We promise no money changed hands, but George, a recent graduate in International Relations offers some honest advice on how students can get the best out of themselves at university. We couldn’t have put it better ourselves…
“If you are looking for that ‘pass your degree after reading this article’ miracle, you should probably ignore this. Unfortunately after years of patronage to the temple of education (Google…) I can tell you without doubt that such an academic El Dorado does not exist much to the annoyance of the faculty. What you are going to find here is a brief overview of the avenues I traversed to take my grades from the lower 2:2s to my target of a mid-level 2:1. Passing my degree with a 2:1 is without a doubt the proudest achievement of my life to date (other than squeezing Michael Palin into my dissertation) so I thought I would pass on my advice. It may help or you may leave thinking, ‘what a fool’ but it worked for me!
Stop kidding yourself
Without this first step, the rest is just not possible and it perhaps requires the most honesty. Before I could move on with improving my grades, I had to accept that I was struggling and that this was my fault. The problem with this is that the phrase ‘hard headed’ suits quite a lot of students well, including me at one point. I have heard so many excuses for what is essentially a personal issue, ‘the lecturer does not like me, ‘I do not agree with the notion of identity and citizenship, ‘there is no positive energy in this room’, you name it I have probably heard it.
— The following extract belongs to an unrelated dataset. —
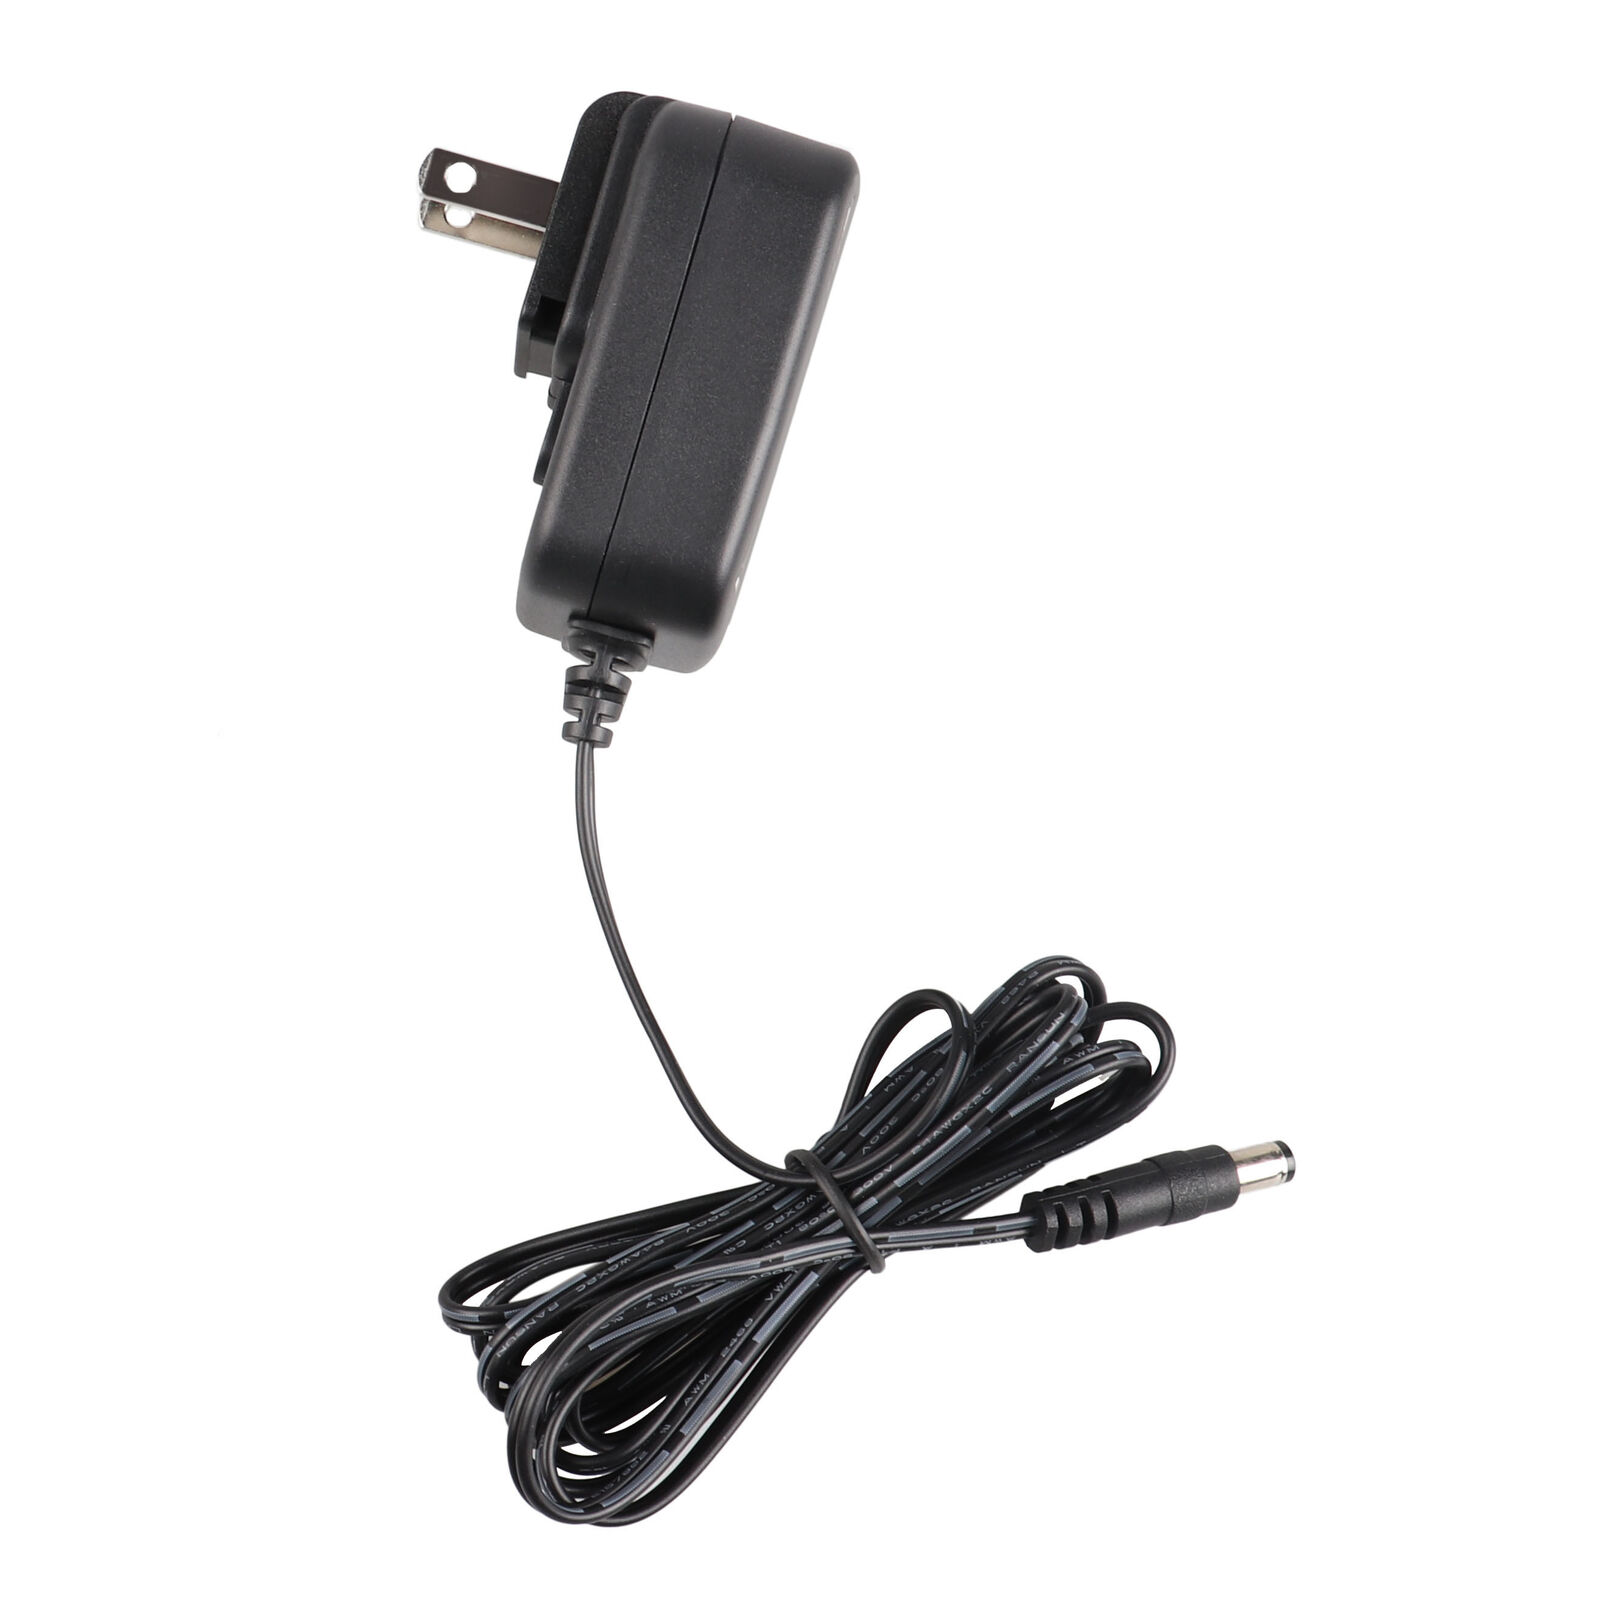 12V AC/DC Adapter For Intermec 851-061-502 AE21 851-064-106 Power Supply Charger Compatible Brand For Intermec Type AC

For me, it was my academic writing style, it simply was not delivering. I was too colloquial, too simplistic, lacking in analysis and so on. My improvement began when I accepted that I was struggling and that I needed help.
Just ask for help
Quick and to the point, just ask for help. The faculty at Lincoln are second to none but they are not mind readers. This was without a doubt the best move for me, I reached out to several lecturers who knew me well and in partnership we began to ask the necessary questions about my writing style. In the end I garnered a much stronger idea of what they really wanted from assessed work, when I broke my issues down, I was generally trying to reinvent the wheel at every point.
Find that inspiration
The single biggest source of inspiration for me was the desire to achieve what I knew I was capable of. I did not want to look back on my degree in a few years and think, ‘I could have done better’, instead I wanted to look back and think, ‘yes, I did myself proud’. It may well be different for you, you may want that special job, or to make your parents proud, whatever it may be, cling onto it and use it as your fuel.
Do the work
Unfortunately, and I can sense your impending tears, there is no way to sugar coat this particular part. When all was said and done, I had to match my desire to succeed with straight forward hard work. That meant study schedules, time in the library, widespread reading and so on. It is a cliché, but it really is true, you only get out what you put in.
Finishing up, ultimately only you can decide what is best, but you have got to be open to the notion that you need help to succeed. University work can feel lonely at times, so make use of your friends and faculty in those times of uncertainty and always be open to suggestions. Now, go to the library instead of sitting with Google!”